DecontPro assess and decontaminate single-cell protein expression data, such as those generated from CITE-seq or Total-seq. The count matrix is decomposed into three matrices, the native, the ambient and the background that represent the contribution from the true protein expression on cells, the ambient material and other non-specific background contamination.
DecontX Package can be installed from Bioconductor:
if (!requireNamespace("BiocManager", quietly = TRUE)) {
install.packages("BiocManager")
}
BiocManager::install("decontX")
Then the package can be loaded in R using the following command:
library(decontX)
To see the latest updates and releases or to post a bug, see our GitHub page at https://github.com/campbio/decontX.
Here we use an example dataset from SingleCellMultiModal
package.
library(SingleCellMultiModal)
dat <- CITEseq("cord_blood", dry.run = FALSE)

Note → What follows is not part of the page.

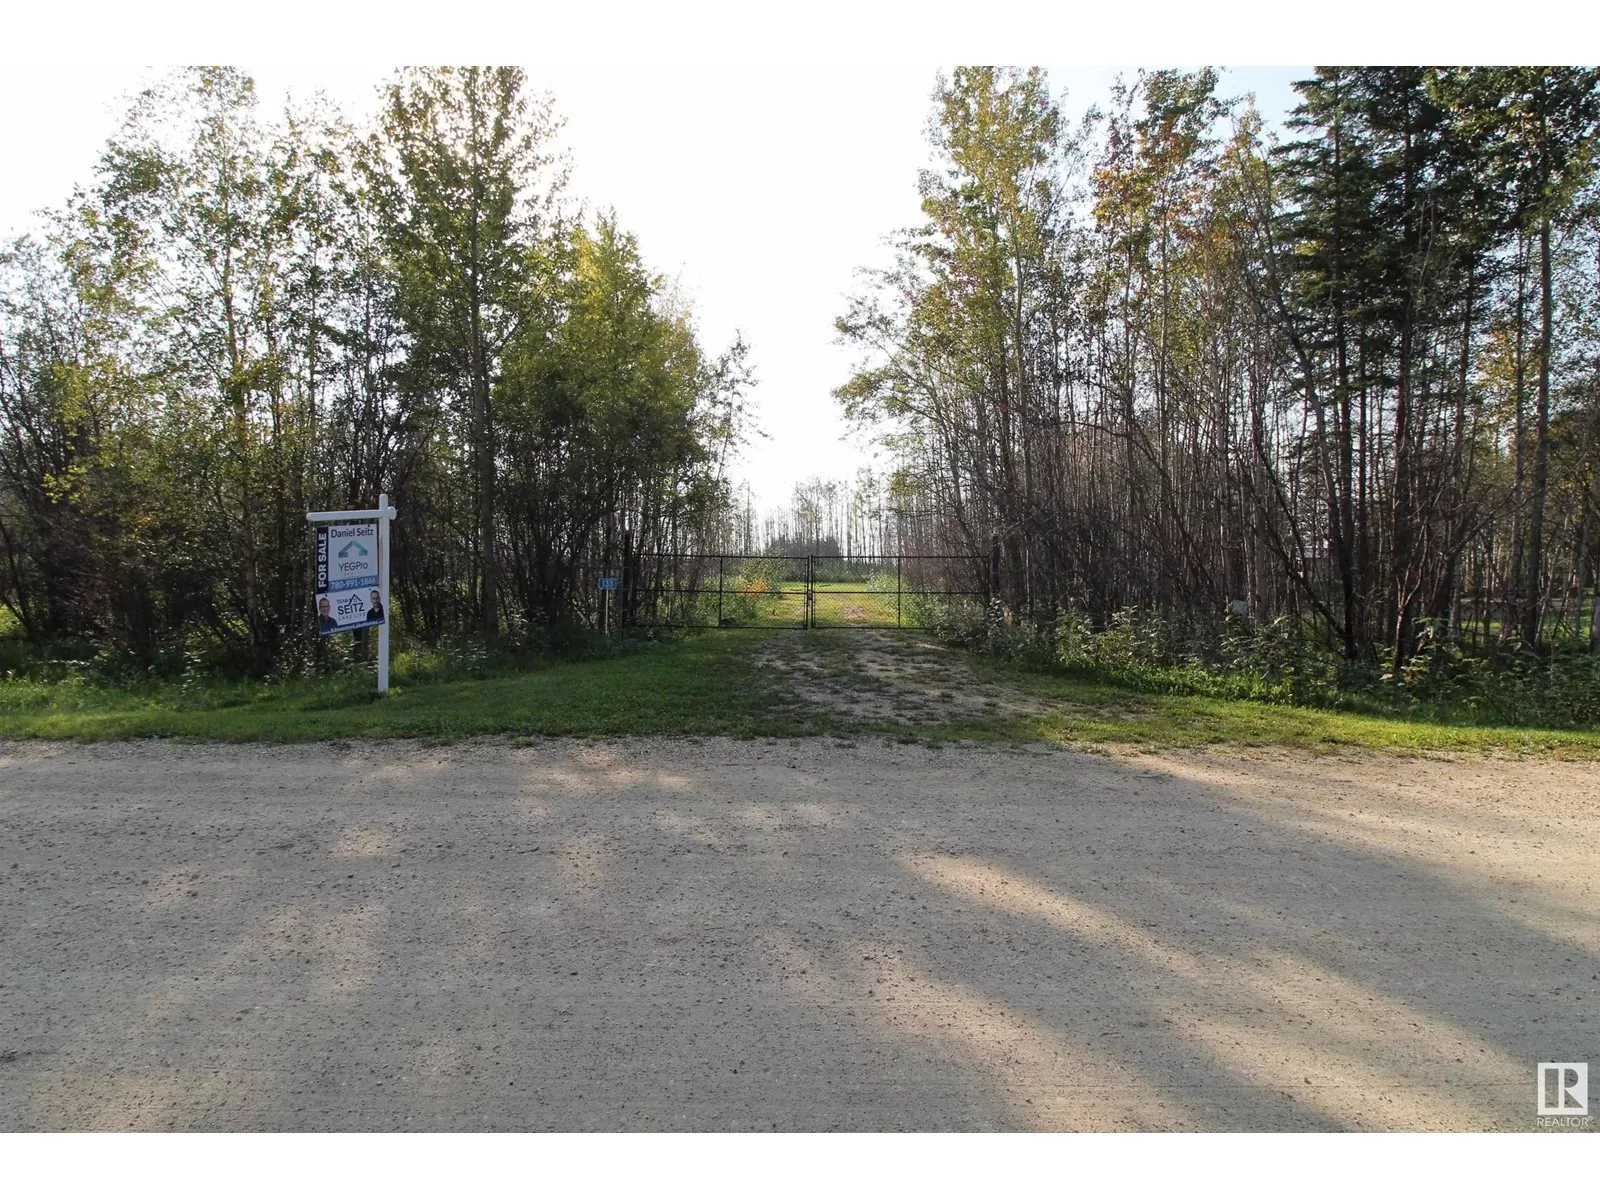 No Building for rent: 133 5124 Twp Rd 554, Rural Lac Ste. Anne County, Alberta T0E 0L0

#> Warning: 'ExperimentList' contains 'data.frame' or 'DataFrame',
#> potential for errors with mixed data types
counts <- experiments(dat)$scADT
For this tutorial, we sample only 1000 droplets from the dataset to demonstrate the use of functions. When analyzing your dataset, sub-sampling should be done with caution, as decontPro
approximates contamination profile using the dataset. A biased sampling may introduce bias to the contamination profile approximation.
set.seed(42)
sample_id <- sample(dim(counts)[2], 1000, replace = FALSE)
counts_sample <- counts[, sample_id]
decontPro
requires a vector indicating the cell types of each droplet. Here we use Seurat
for clustering.
library(Seurat)
library(dplyr)
adt_seurat <- CreateSeuratObject(counts_sample, assay = "ADT")
#> Warning: Data is of class matrix. Coercing to dgCMatrix.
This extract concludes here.